So, let's see who has any good plan.

You can use whatever you want - tough anti-illegal immigrant enforcement, war, new political setups, you pick - but show it will be good for the people of the world.

Sadly, the real point of this thread is to show how bankrupt our political culture is on this issue - how we can bicker over every little bit of garbage, hundreds of posts about two acticvists who entrap a couple of people into helping with with advice on prostitution, somecrazy thing a pundits said, but all we get is 'it's not our problem' on global poverty.

Anyone who just says 'it's not our problem' and isn't concerned with looking for what can be done is IMO amoral at best, and not much of a member of the human race.

Has our culture degraded to that point, that there is no concer as the richest country in the world for the rest of the human race?

I know private charity provided a helpful couple drops in the bucket; if you want to push that, show how it can be increased by orders of magnitude.

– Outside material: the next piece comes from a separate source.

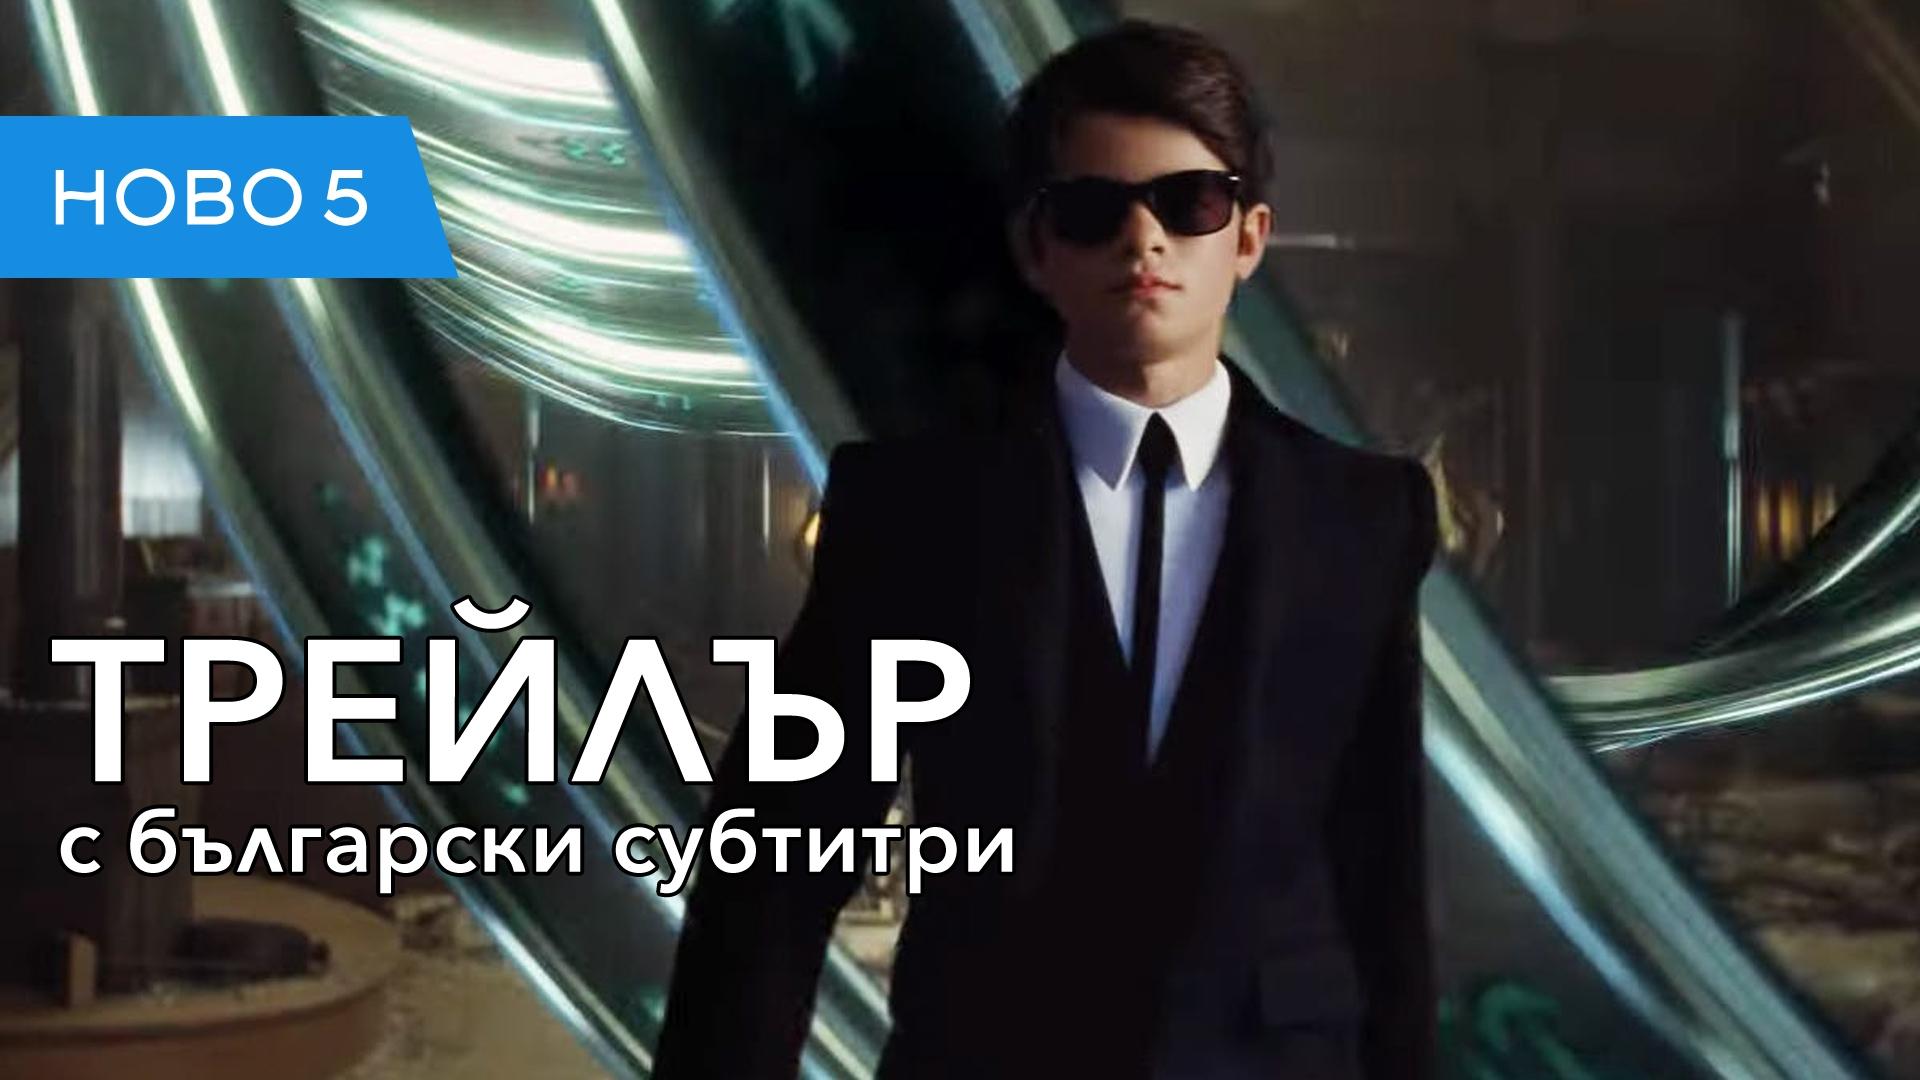 Тайната на Артемис Фоул (2019) първи трейлър с български субтитри

Leading anti-poverty people talk about 1% from the advanced nations as making a huge difference. I don't see a problem with that approach.

So, let's see, who has a plan? Only plans are invited, not excuses why to ignore it, not arguments about what our current small foreign aid efforts do.

The last new big thing we did was the Peace Corps - helpful, if modest.

Some say we're on the verge of people becoming more expensive than what they contribute and that this will lead to policies letting many lose their lives to disease, etc.

Other - better IMO - tools include land reform, birth control, and encouragement of the development of local industries.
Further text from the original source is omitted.